Whatever it can be (traffic switch, downlink ...) this affect the traffic (SIP) of our AS.
The only problem is that the network guys says: from our point of view it's everything fine! Always, all the times it happens the problems!

At the end of the story:
What kind of data can I collect (and HOW!?) to DEMONSTRATE that it's a problem of the network (or the AS)?
Do you know a script or tool (not traffic affecting) that can monitor the described scenario?

Thanks you very much!

Regards,
Evan
# 2  
Old 02-04-2011
First read up on snoop. You can capture and analyze packets, then run reports against those packets when you have a problem for network verification. The main downside to this strategy is disk usage. Not performance. You point of interest is to be able to realte the send time of a packet from your app to the time it takes for the expected return packet to appear. This is not the same thing as ping return times.

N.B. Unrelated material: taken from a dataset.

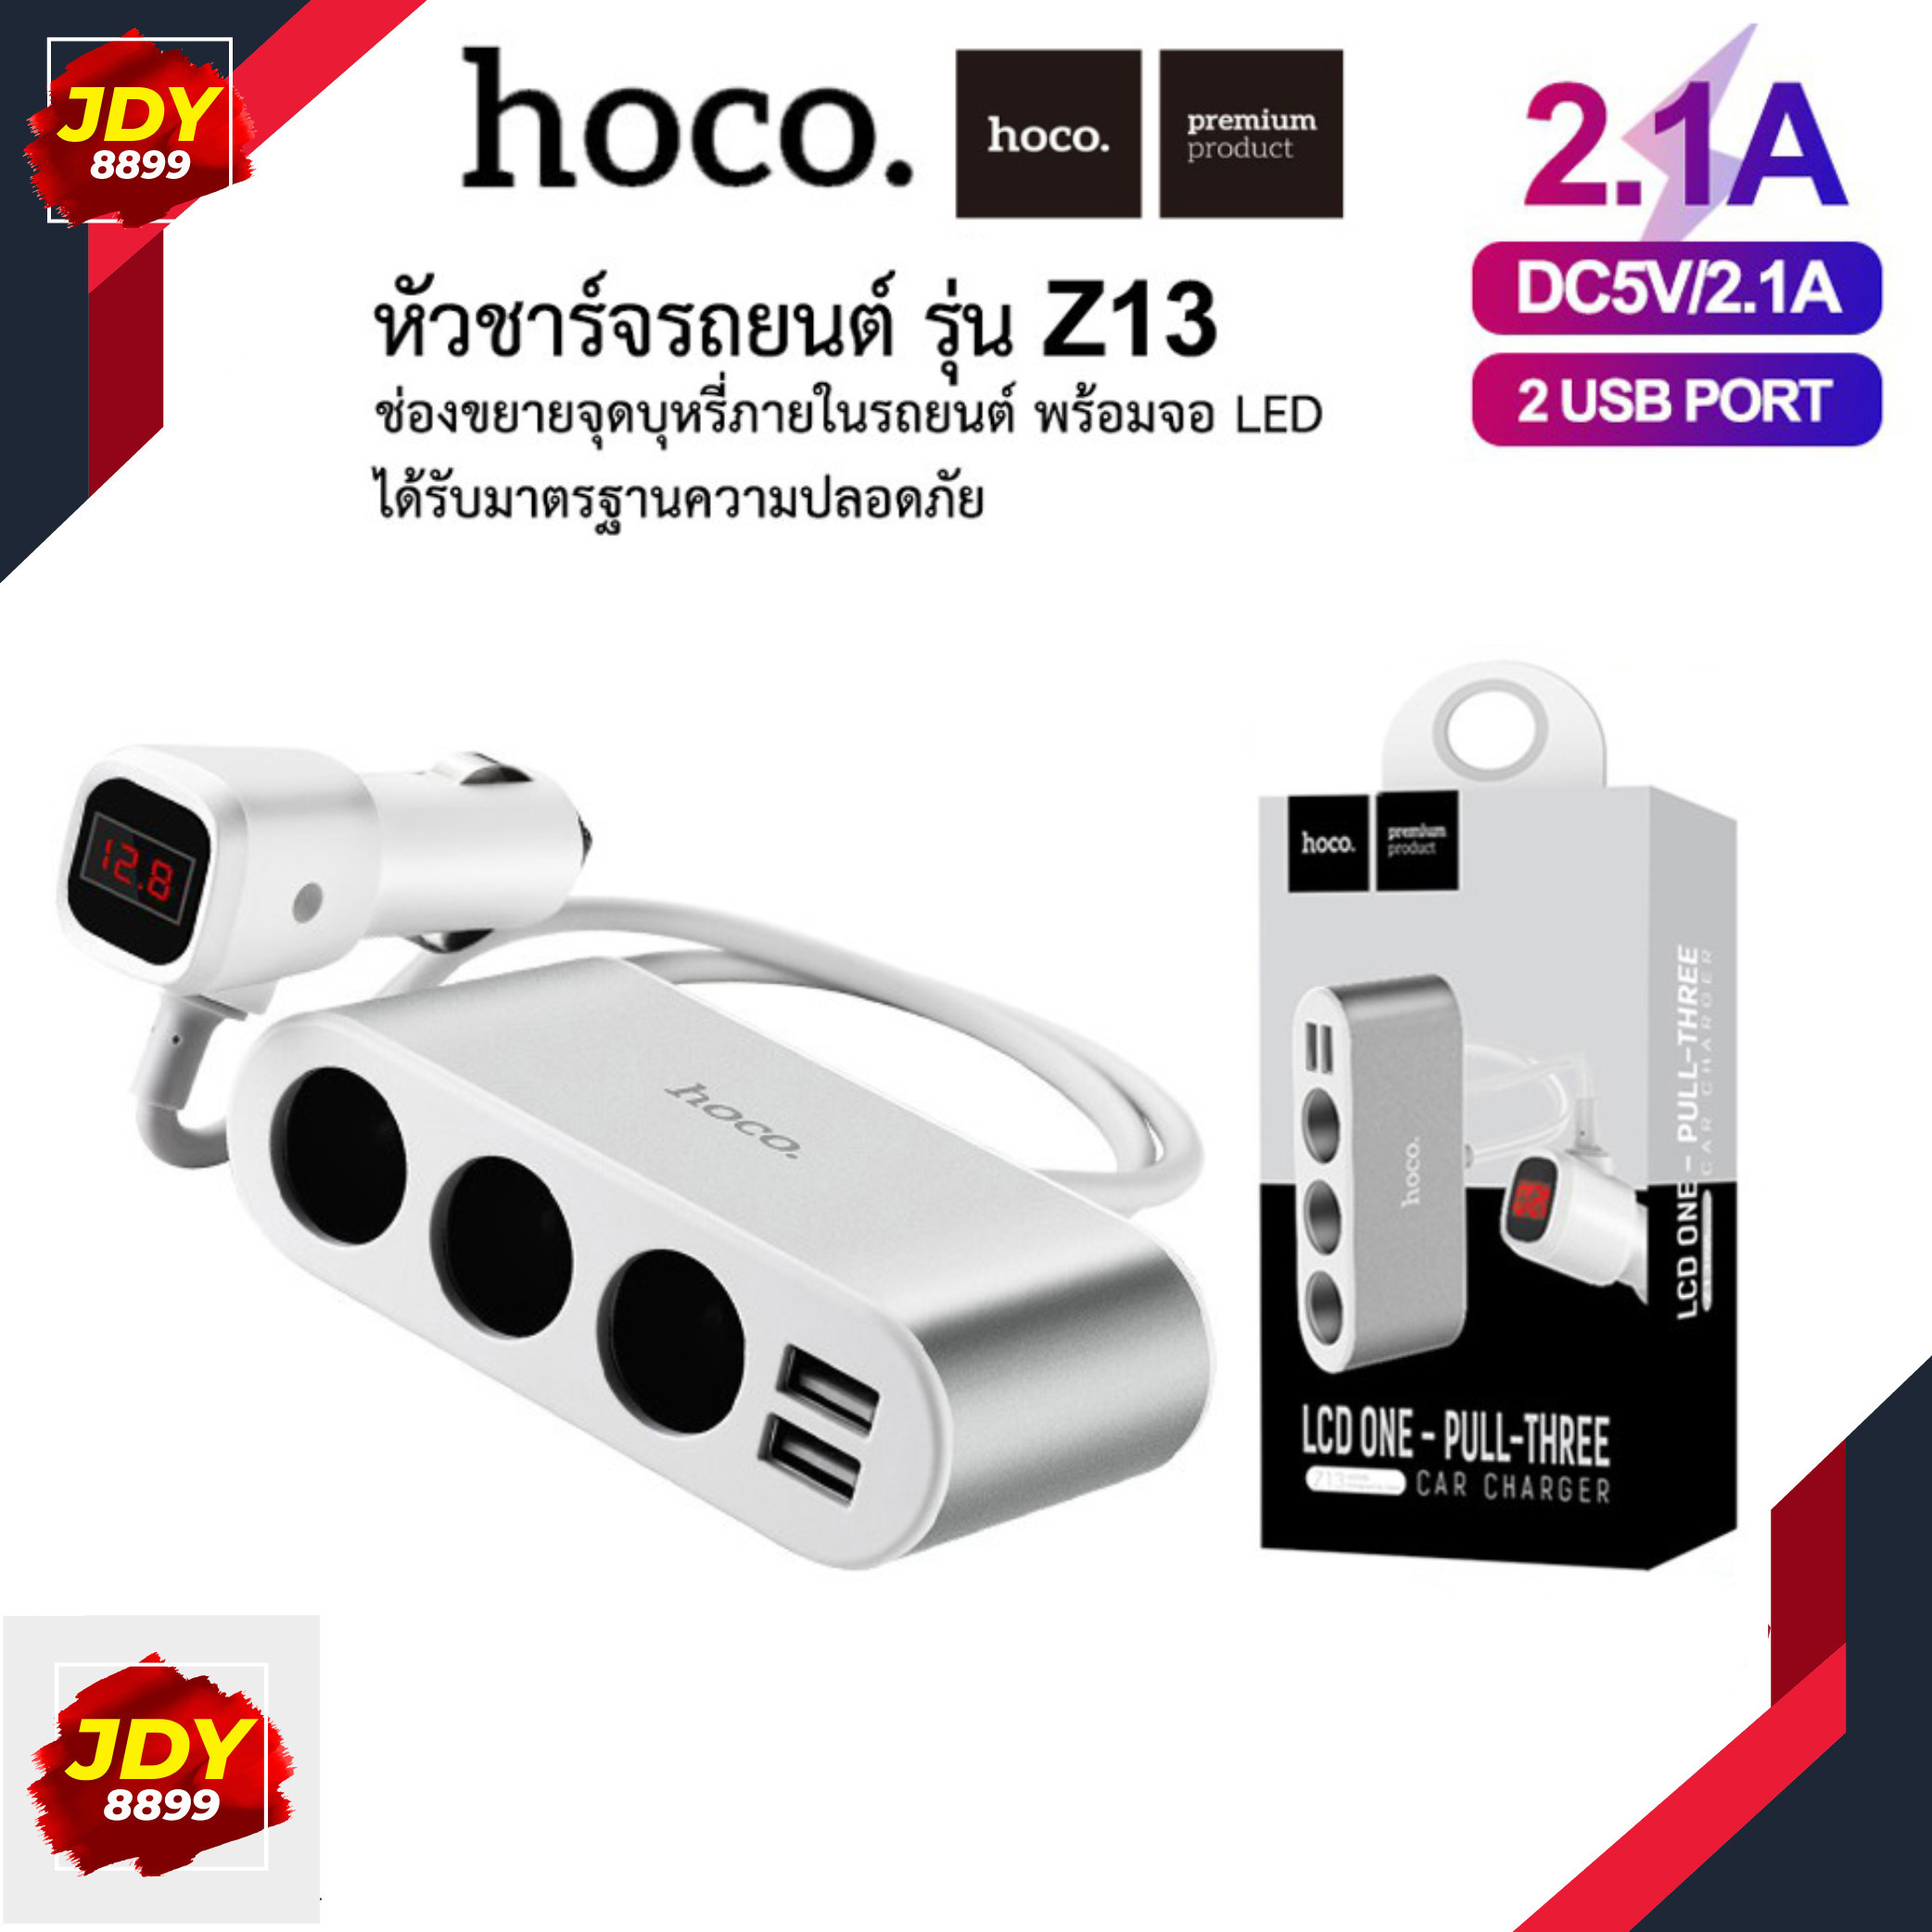 Hoco Z13 Adapter หัวชาร์จในรถยนต์แบบ 2 USB 3 ช่องเสียบ 12V Output 2.4A ยาว 55 cm JDY8899

You can also use netstat -i to gather information on packet collisions. When collisions rise to a significant level trafic is impeded to large degree.

However, most network problem I have seen are the result of crappy application code.
Once a network is set up correctly, and is not subject to huge torrents of random data, you do not see problems except for hardware issues or intrusions.

A common application fault is not implementing a circular buffer (queue) large enough to deal with full bore traffic. In other words the network outruns the application between two apps: one slower, one faster.
# 3  
Old 02-04-2011
Hi jim thanks for your reply.

Regarding the snoop I'll brush up a previous script: an infinite loop that created a snoop file at once with 5000 packets:
Code:
snoop -q -o ./trace.cap -d eth0 -c 5000

Then the file is kept or deleted based on other stats so no disk space problems.
The script didn't affected much the system from CPU and memory point of view.
I'll size the number of packets.

Your last statement is not very clear to me.
You mean that in some cases the network could be slower than the application traffic and then some packets are lost?
So you suppose that the application has a limited buffer (undersized) and during traffic peak it could loose packets and take to the mentioned errors.
Is this right?

In the meanwhile I'm studying kstat and dtrace as described here:
H.K. Jerry Chu's Weblog

Do you think I can get interesting infos with these tools?

Thanks,
Evan
# 4  
Old 02-04-2011
No - the reverse. The network is not the problem. The application loses data because it cannot handle the traffic.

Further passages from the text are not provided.